_EXERCISE AIM_
When you repeat the material, keep each line exact and omit the pictures.

_COLLECTED DATA_
-=-=-=-=-

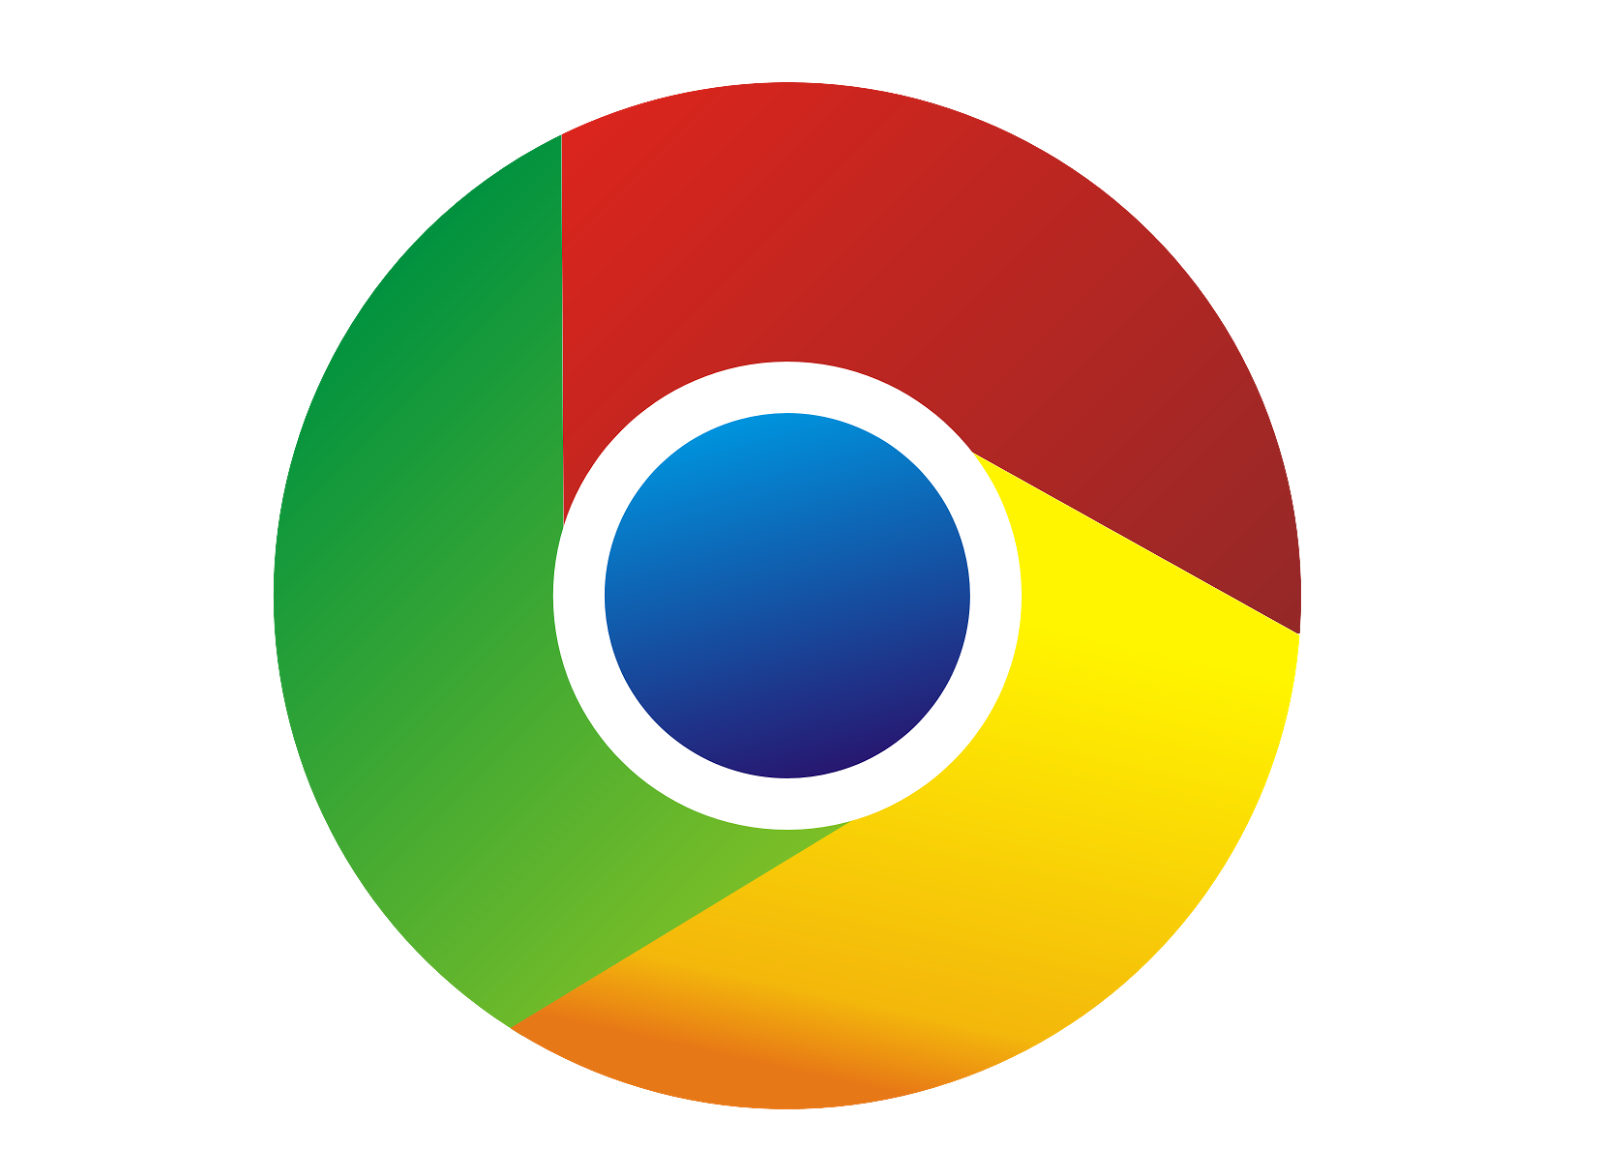 Belajar Membuat Logo Google Chrome di Coreldraw
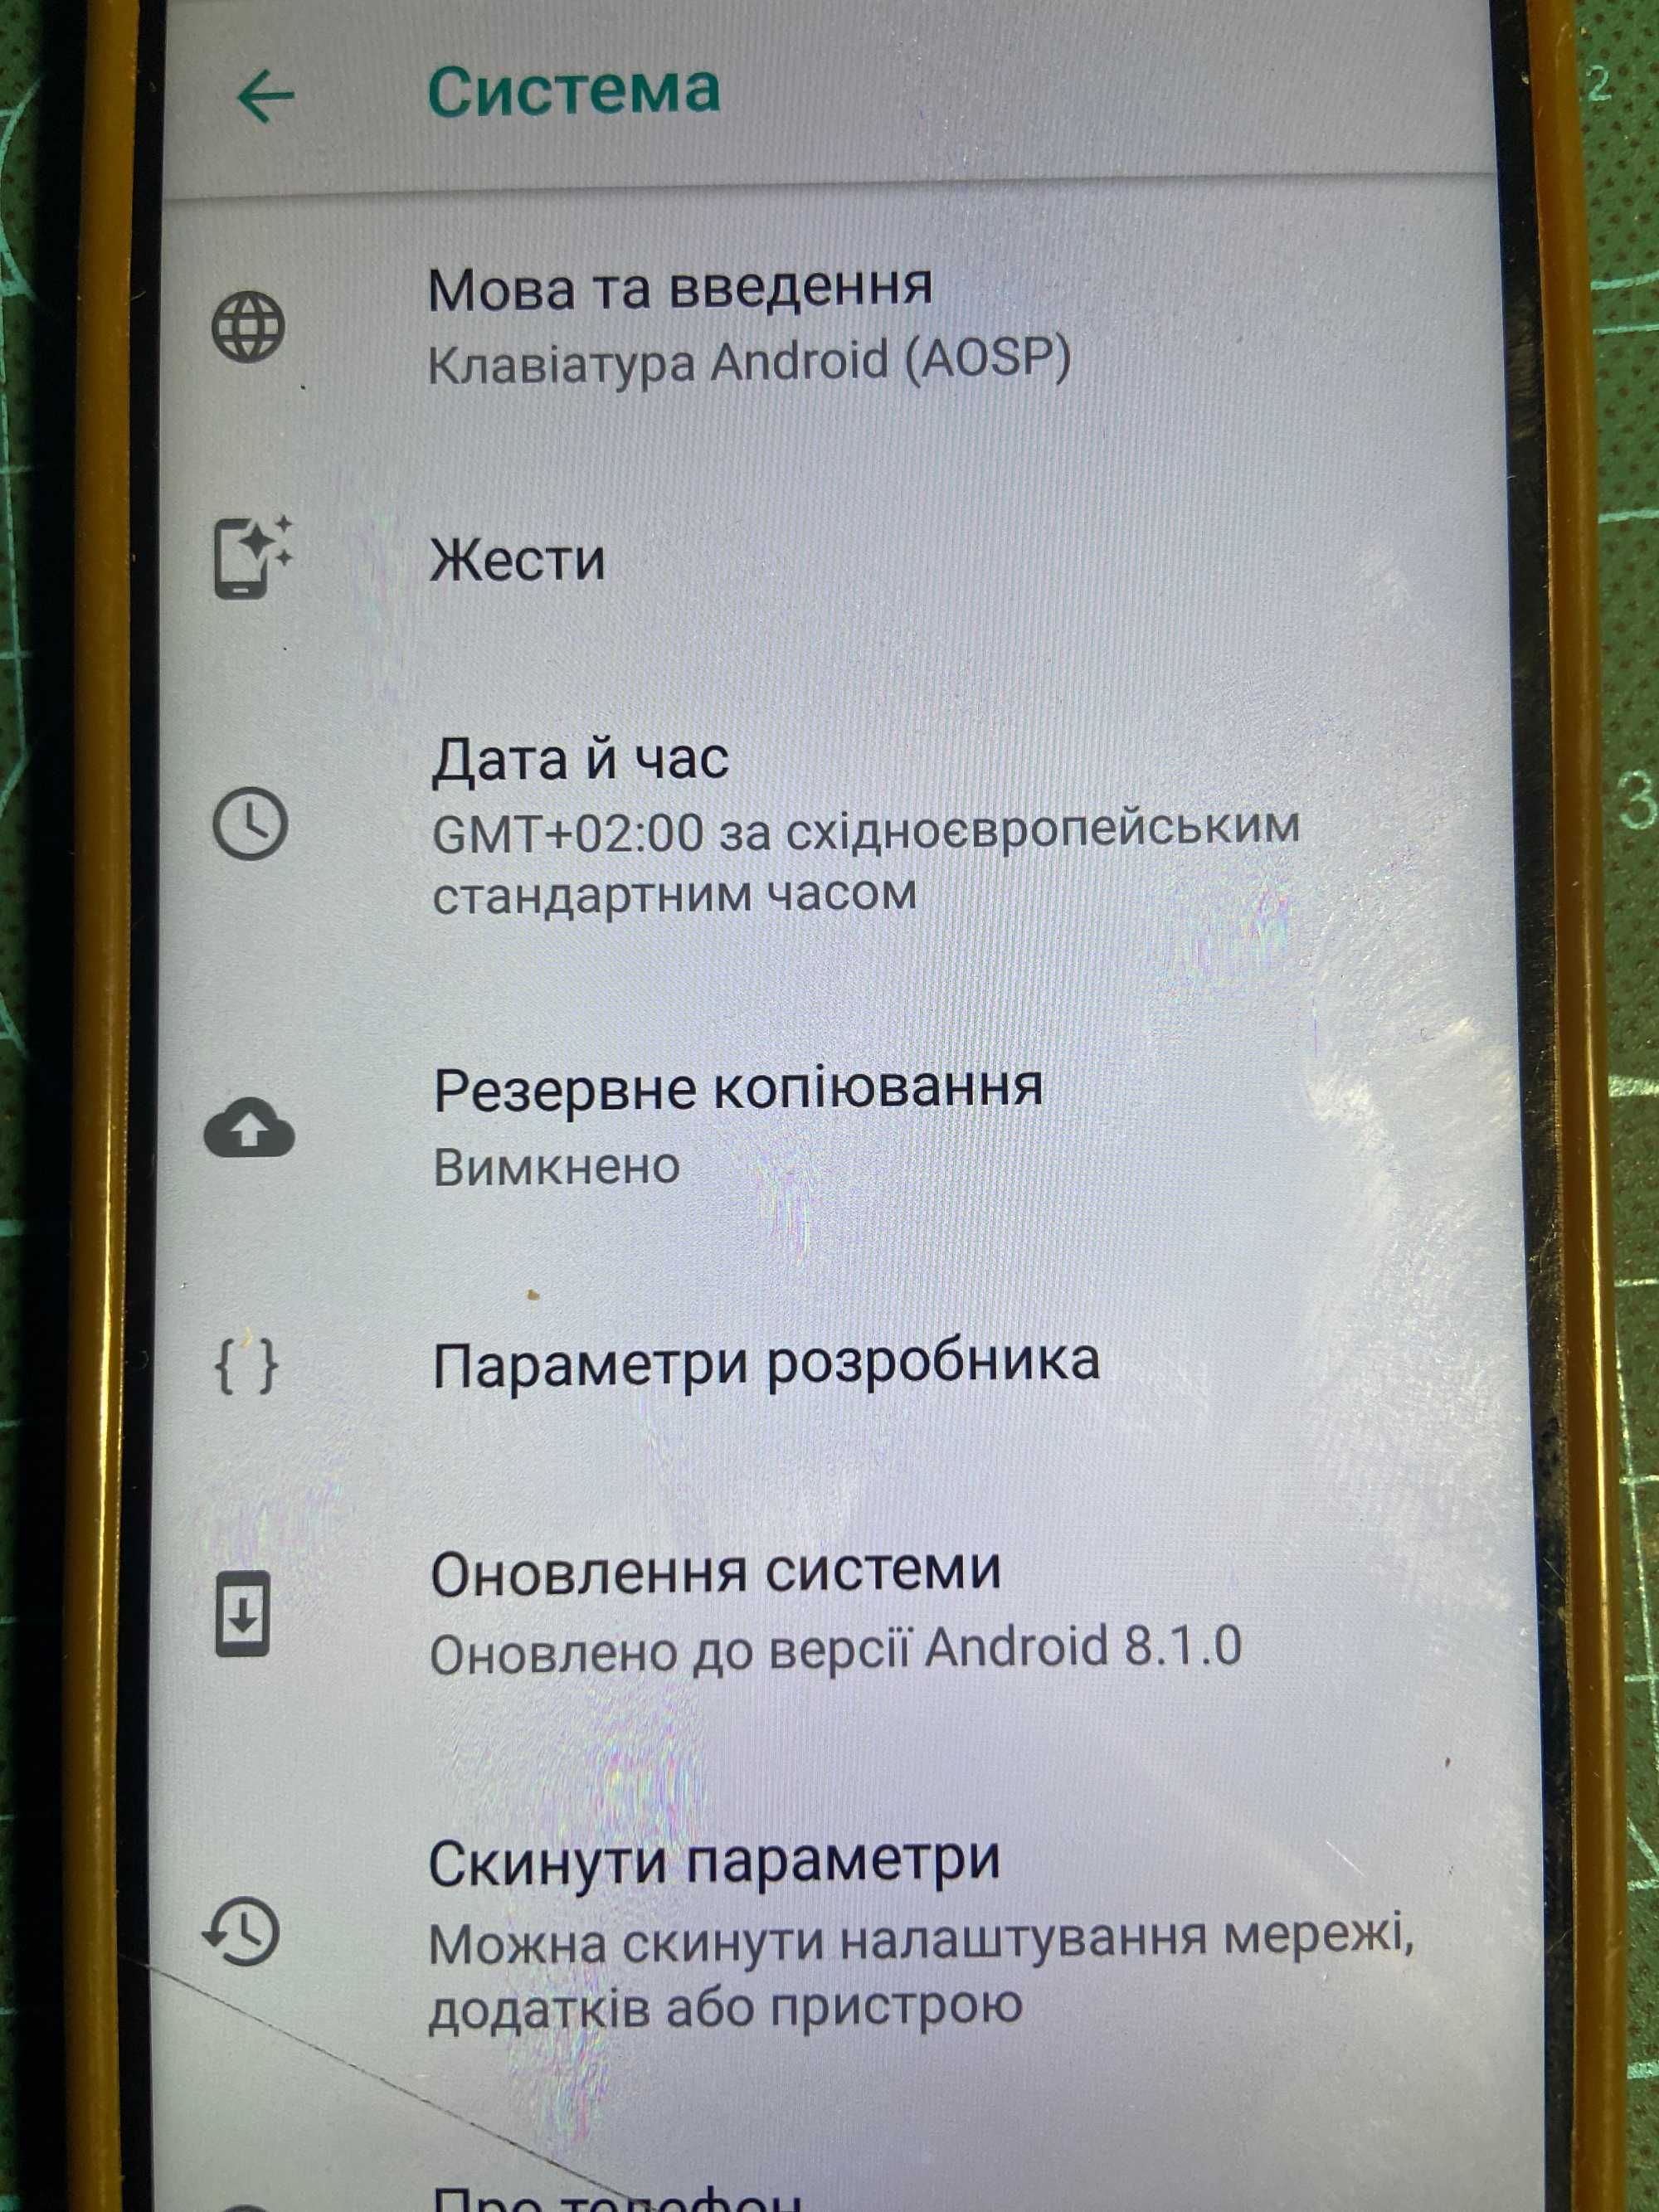 Продається телефон Mi 5 32 GB.
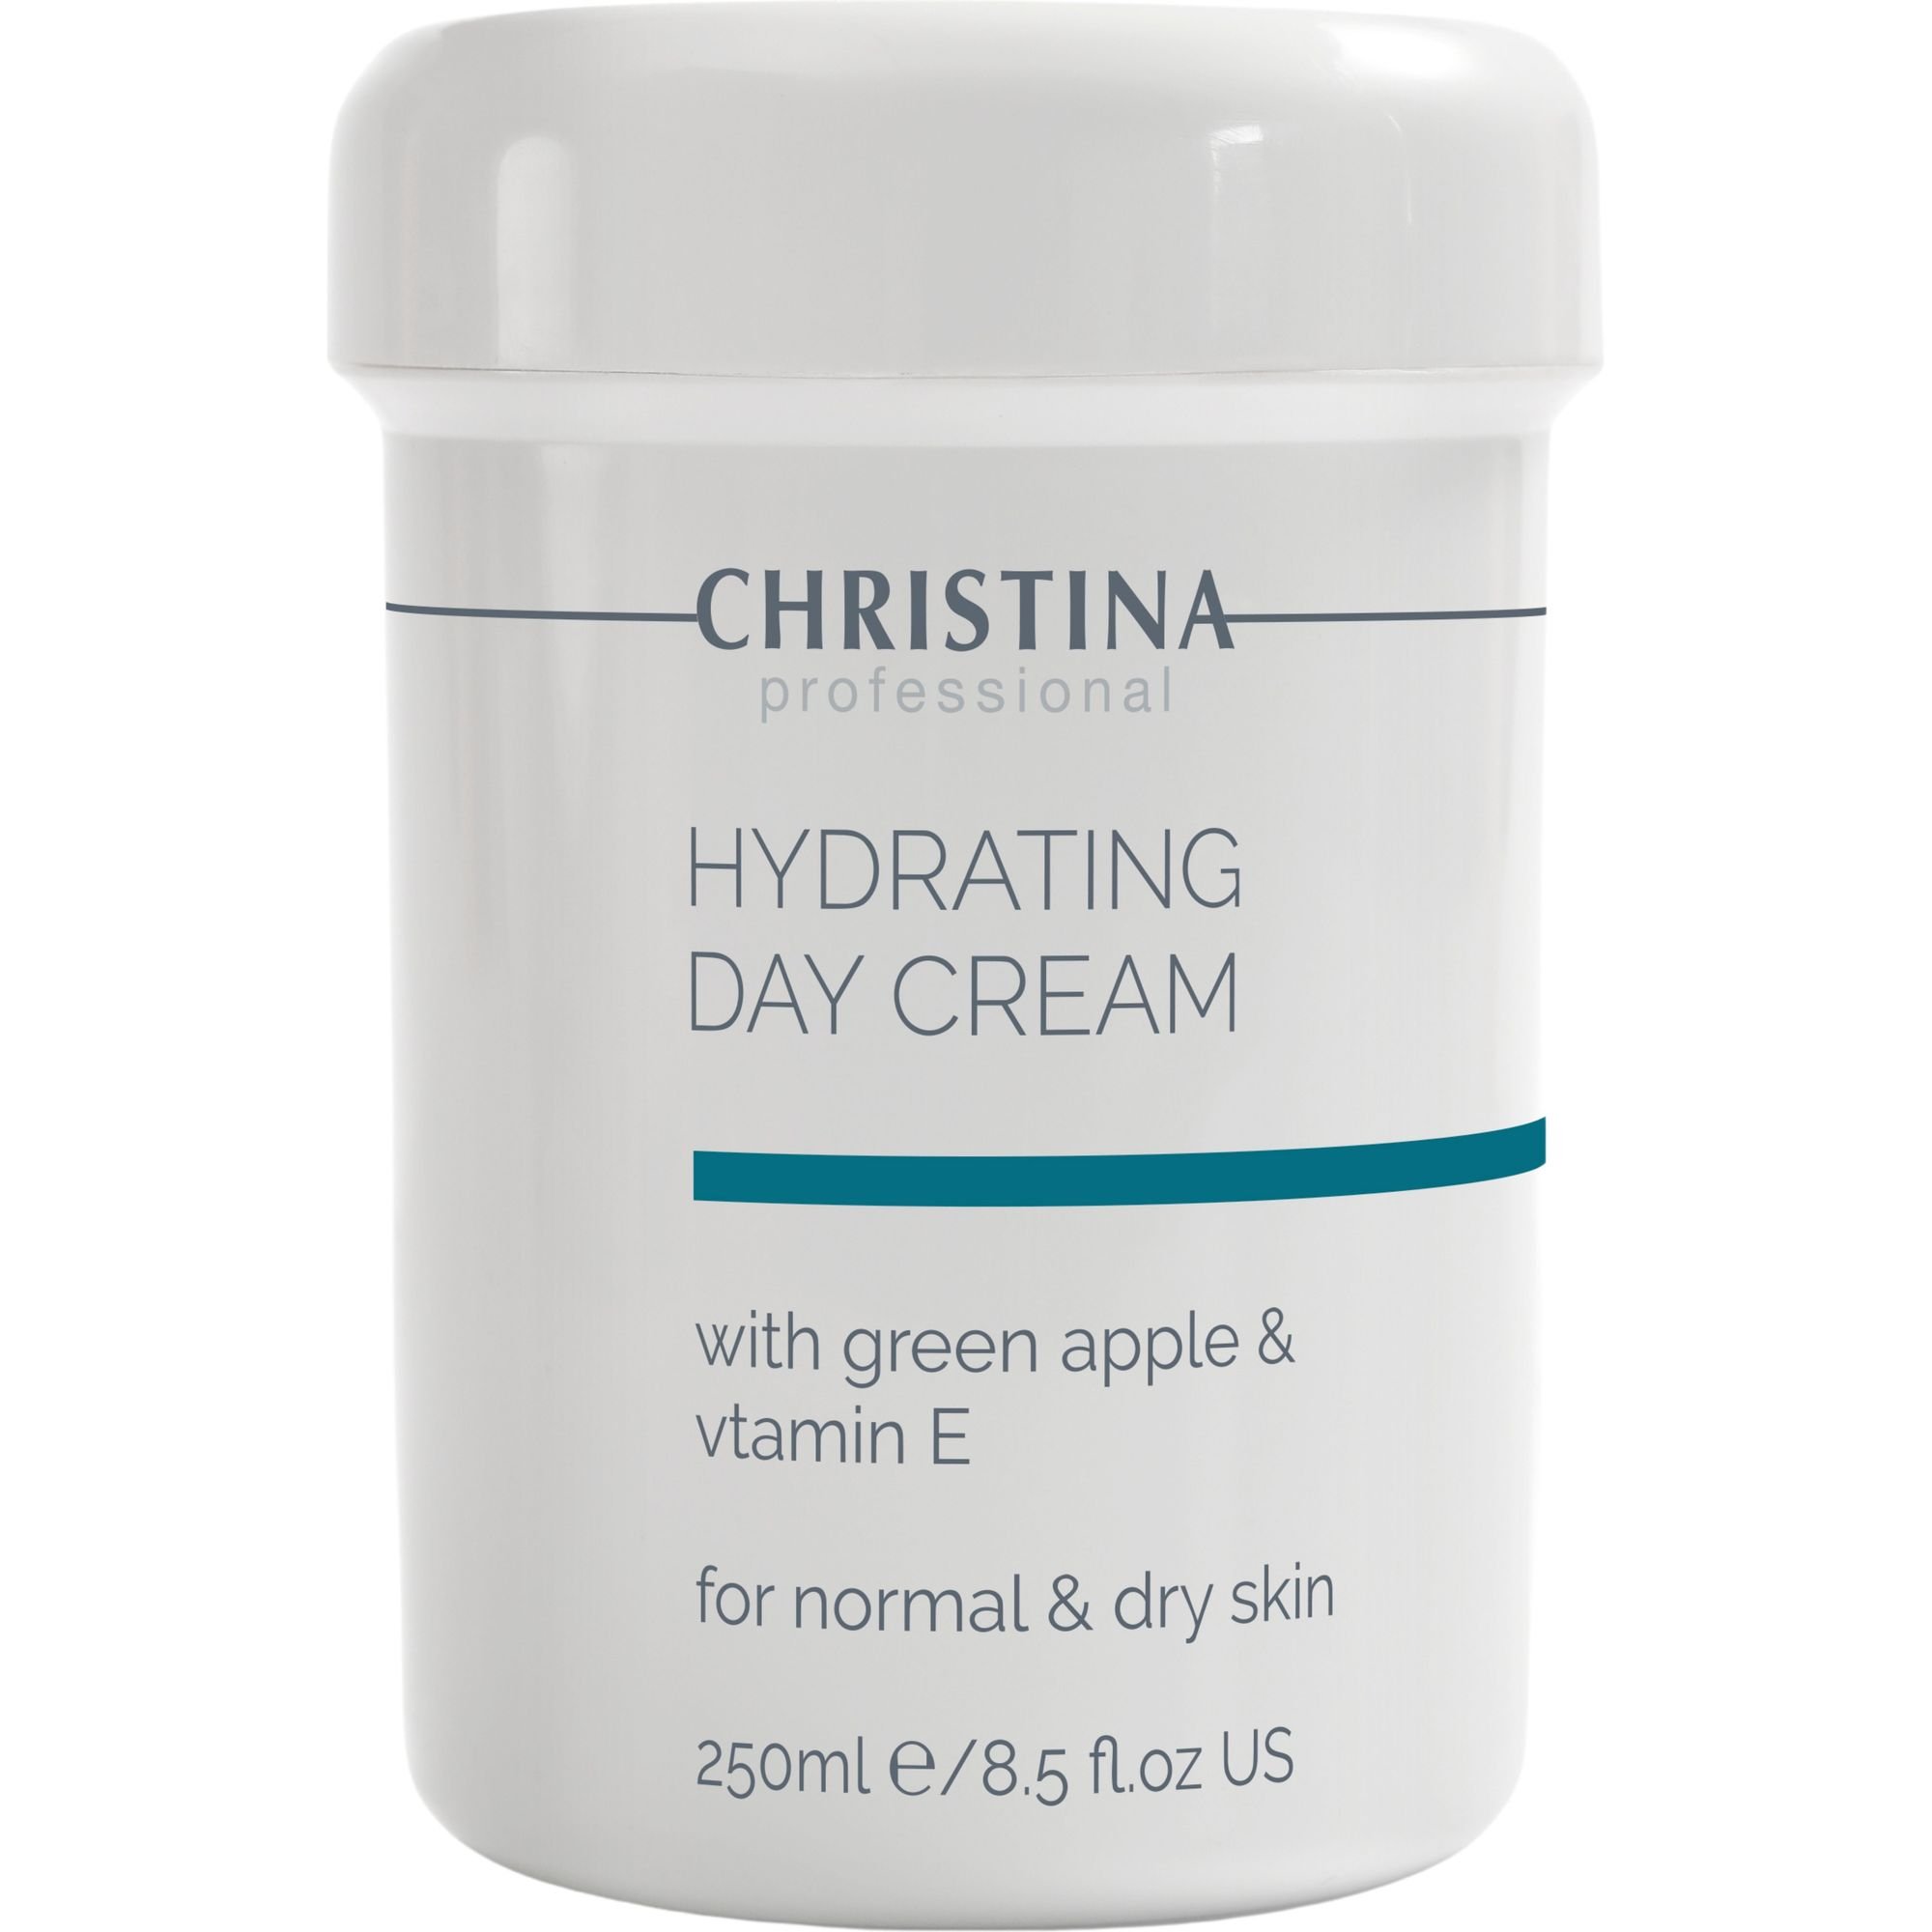 Увлажняющий крем для нормальной и сухой кожи Christina Hydrating Day Cream With Green Apple & Vitamin E с яблоком и витамином Е 250 мл - фото 1

-=-=-=-=-

_ANSWER BELOW_
 Belajar Membuat Logo Google Chrome di Coreldraw
 Продається телефон Mi 5 32 GB.
 Увлажняющий крем для нормальной и сухой кожи Christina Hydrating Day Cream With Green Apple & Vitamin E с яблоком и витамином Е 250 мл - фото 1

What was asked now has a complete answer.